At Educative, we get to chat with developers from all over the world, get to know their story, who they are, and what inspired them to become developers and teach those around them.
Today, we sat down with Eric Lippert and got to learn more about his career and the exciting world of C#, the
system.random class, and probabilistic programming.
Here’s what we talked about:
Standout from the crowd with a probabilistic programming certificate.
Eric Lippert designs programming languages at Facebook. Other notable work includes designing C# analyzers at Coverity, and developing the Visual Basic, VBScript, JScript and C# compilers at Microsoft.
He also writes a blog about programming language design and other fabulous adventures in coding.
I was always fascinated by computers, even as a small child. I started programming when I was nine, by writing out on paper some little animation programs to make rocket ships fly around the screen. I had to use paper because I didn’t own a computer; I’d then type the programs in on the Commodore PET in the library after school to see if I got it right.
My elementary school librarian was a very kind and patient person, and we’re still occasionally in touch many decades later.
Pretty soon after that, my parents got me a Commodore 64, and I started programming in earnest.

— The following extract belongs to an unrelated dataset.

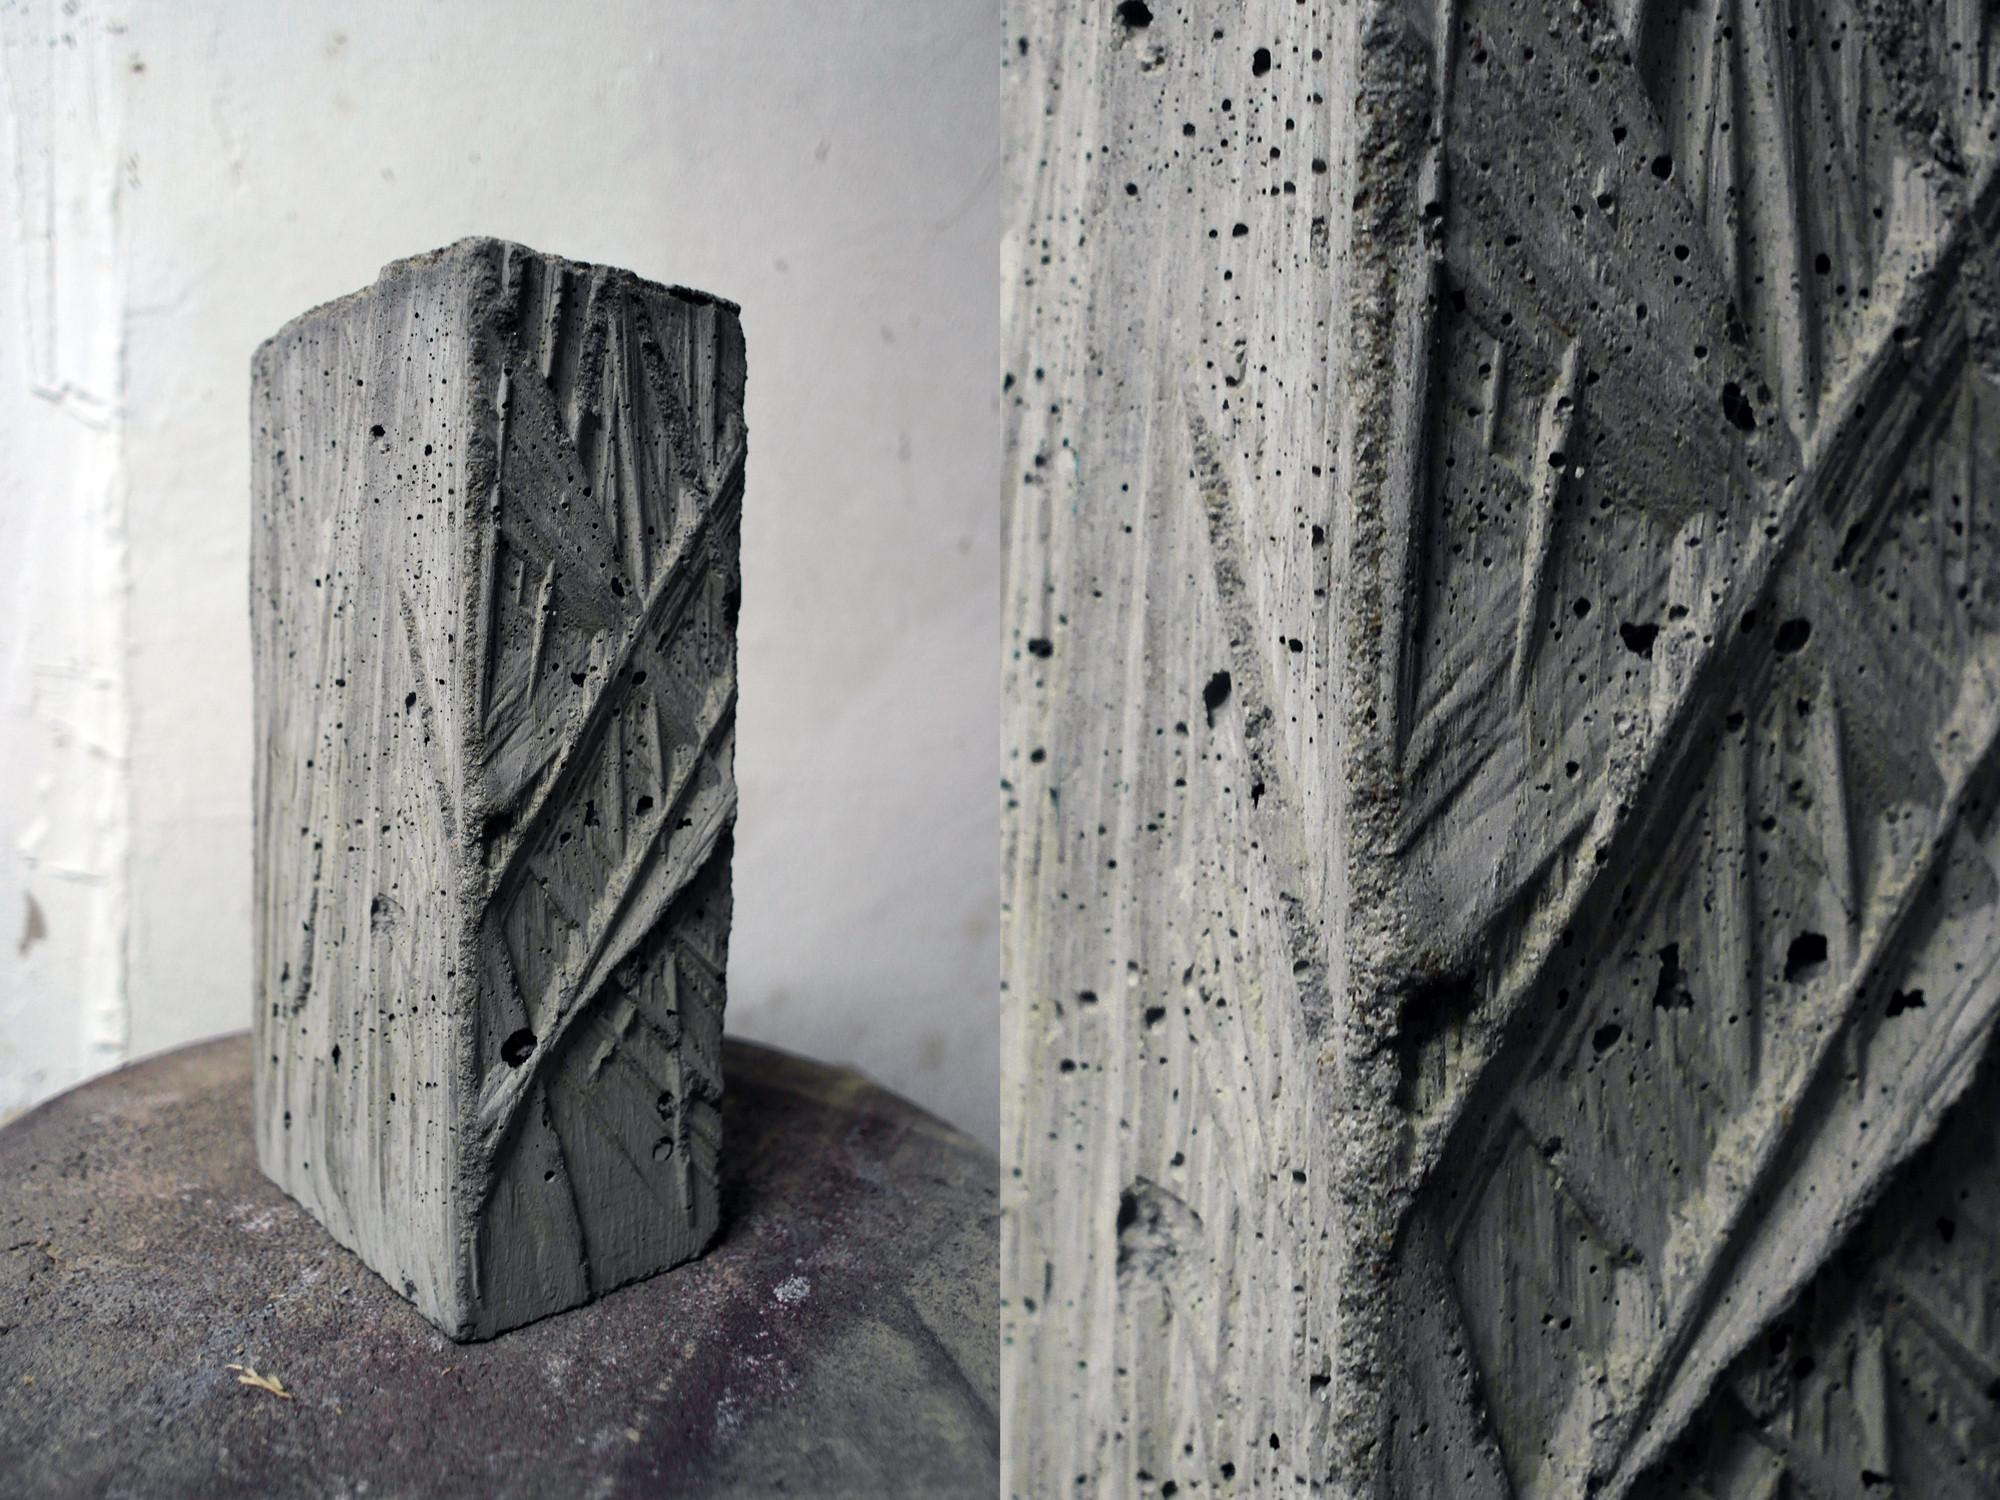 Предмет бетон углекислотная коррозия бетона

I worked at a compiler company as a summer job in high school, where I got my first understanding of how professionals program.
After that, I did a joint computer science/applied mathematics degree at Waterloo, and ended up working at Microsoft on the Visual Basic compiler as part of the co-op program.
It was then very easy for me to choose to come to Microsoft and continue to work on languages.
I left Microsoft in 2012 and went to work at Coverity on improving their C# static analysis product for a couple of years, and now I work on developer tools at Facebook.
Essentially I’ve been working on developer tools almost exclusively for some decades now; it’s a lot of fun working on the sorts of tools that I would like to use myself!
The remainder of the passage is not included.